Inside the clock tower. We actually walked up because the elevators were taking too long not because we were cheap.


















One of the clock mechanisms.


















Vertigo inducing.














View from the top.
















In the US shots like this would not be possible because they would have safety nets or fences to keep you from throwing yourself over the side. In Europe they believe in Darwinism.














The skeleton represents Death and the passage of time. The dude in the turban is the "Infidel Turk". Not my words. Some Turk hating Wikipedia editor.

The guy holding the mirror is Vanity. "Next, a stereotypical Jew holding a bag of gold represents greed or usury." I swear the whoever wrote the Wikipedia article is a raging racist. 


















We needed a beer break so we sat down at this cafe with a great view of the Charles Bridge.














The view was great until other people decided that this view was awesome.














Thanks for blocking the view. This view is so much better.


















Okay. Feeling better now.


















We were running out of stuff to do so we checked out the Museum of Communism. Behold the glory of Communism.


















Special Russian space flight. I give you good price for authentic suit. Wear for birthdays. Guarantee boom.

The Americans weren't aggressive. They were just being excessively friendly with their nuclear weapons. 














Typical Russian factory. Labor conditions on par with those of an auditor. Windowless room full of cabinets. Asbestos included for free.
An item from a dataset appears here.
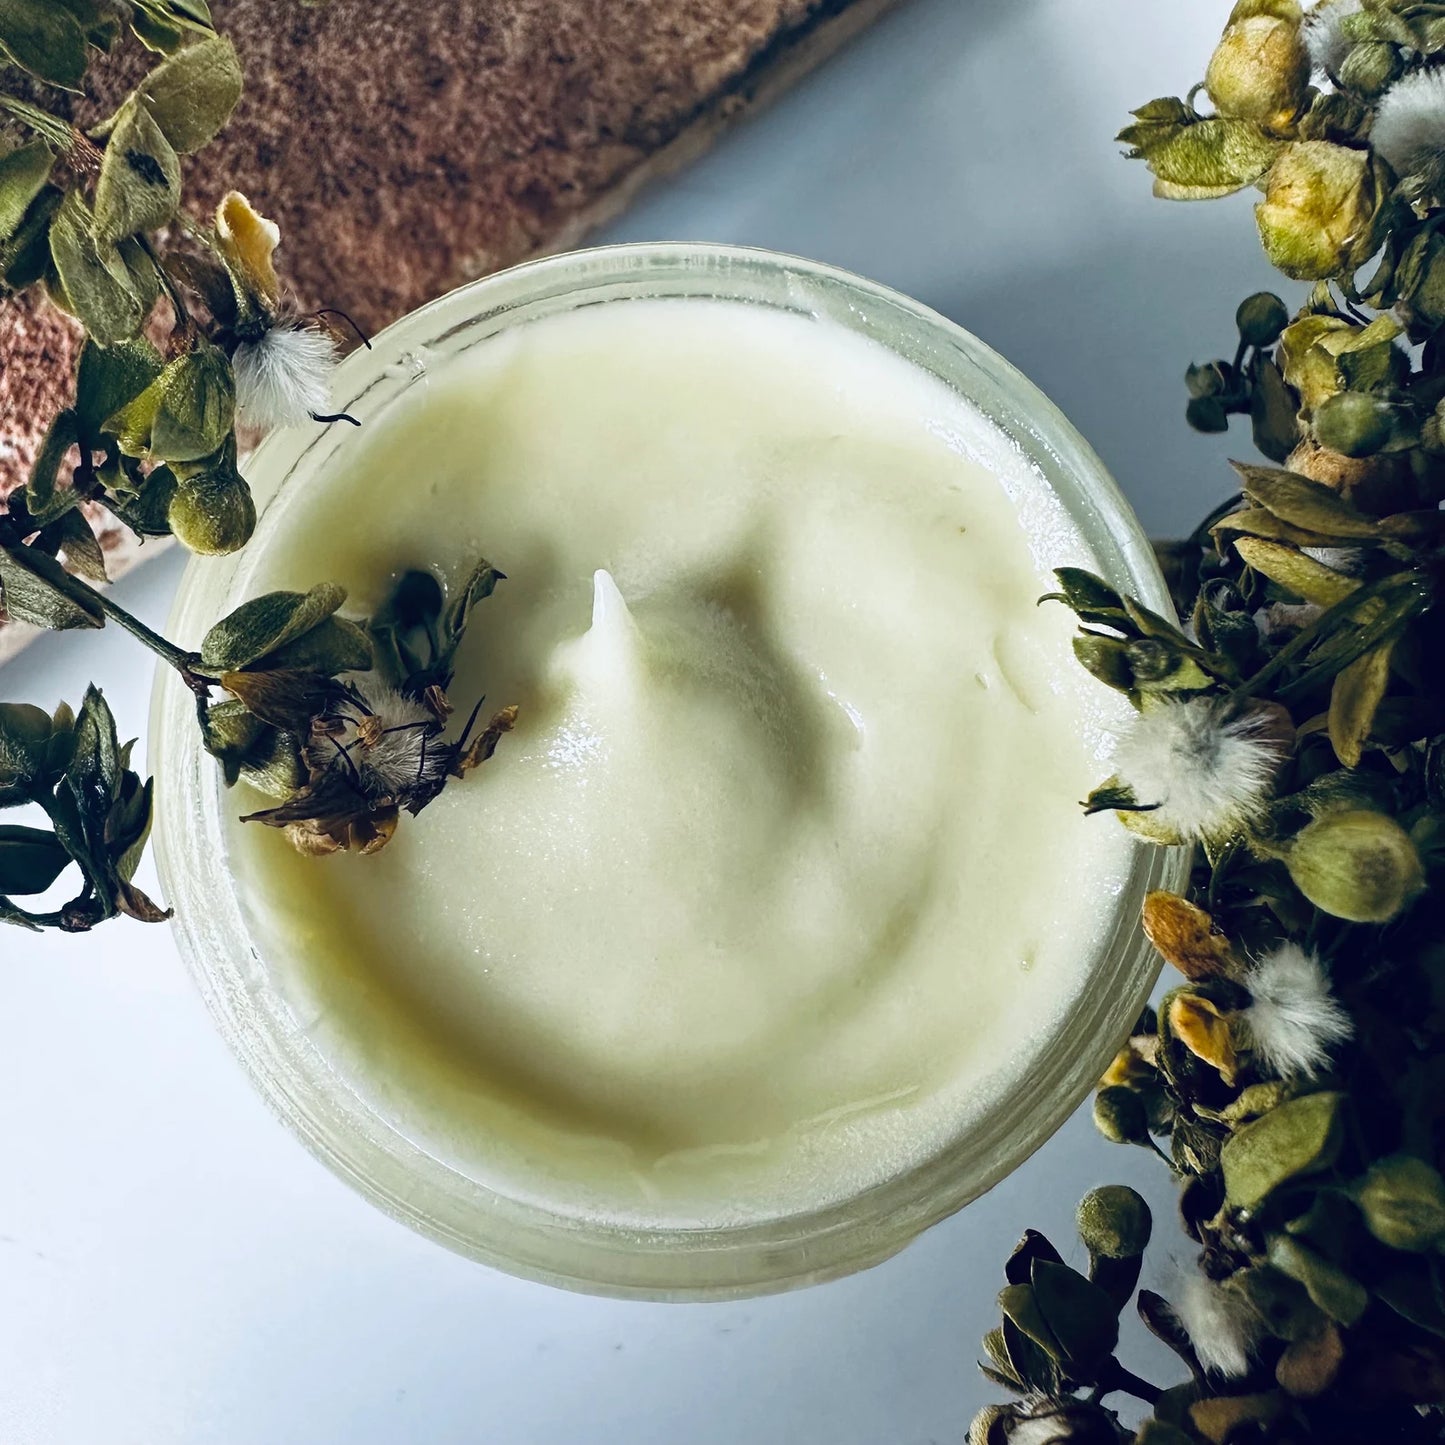 CREOSOTE BODY BUTTER

I glanced at the teaching materials and it seemed pretty basic. America is the devil. Communism is the only way to happiness. The collective good is more important than individual needs. I'd say pretty typical Commie stuff. I was hoping for more pictures of America peeing on Russia or Russia invading America. 
There had to have been 100 little figurines and statues on this one table. Of course the one I immediately hone in on is the one where the muscled worker is giving his friend a "massage".















Yeah those shelves look solid. I've seen better craftsmanship in an IKEA shelf.


















Kim Jung Il would be so pround.














They had this mortar set-up just chilling in the corner.

He is ready to kill some democracy. 














A very friendly looking interrogation room. They should've blacked out the curtains and added some fake blood and/or broken teeth on the ground. That's how you add ambiance.















Totally lacking in reality. 1) That phone has to have a dent from being slammed into someone's skull. 2) There should be handcuff marks on the chairs and 3) I don't see a single beating baton anywhere. Sheesh. Where's the realism Museum of Communism? The imaginative mind of an only child. Another reason why I'm having at least 2 kids.

For dinner.....














Thai food at Noi! Quite possibly THE BEST THAI FOOD I've ever had in my life. It was simply amazing. I asked how the hell is their food so authentic and found out they imported a chef in from Thailand. I don't know if imported is the right word. Smuggled?


A great way to end a great day in Prague. There's only one more day left! I'm done reliving this damn trip. I think I'm gonna just post pics randomly and you guys can fill in the commentary in your head. I think by now you know what my humor is like. Unfunny mixed with sarcasm? Still trying to figure out this sarcasm thing. Not? Argh!!

1 comment:

  1. Farting: Never Acceptable on a Date. Two Canadian Thanksgivings - I think you've earned the title of "Canican". I see flower balls too. Well done, B-Hizzle - this blog had me in stitches.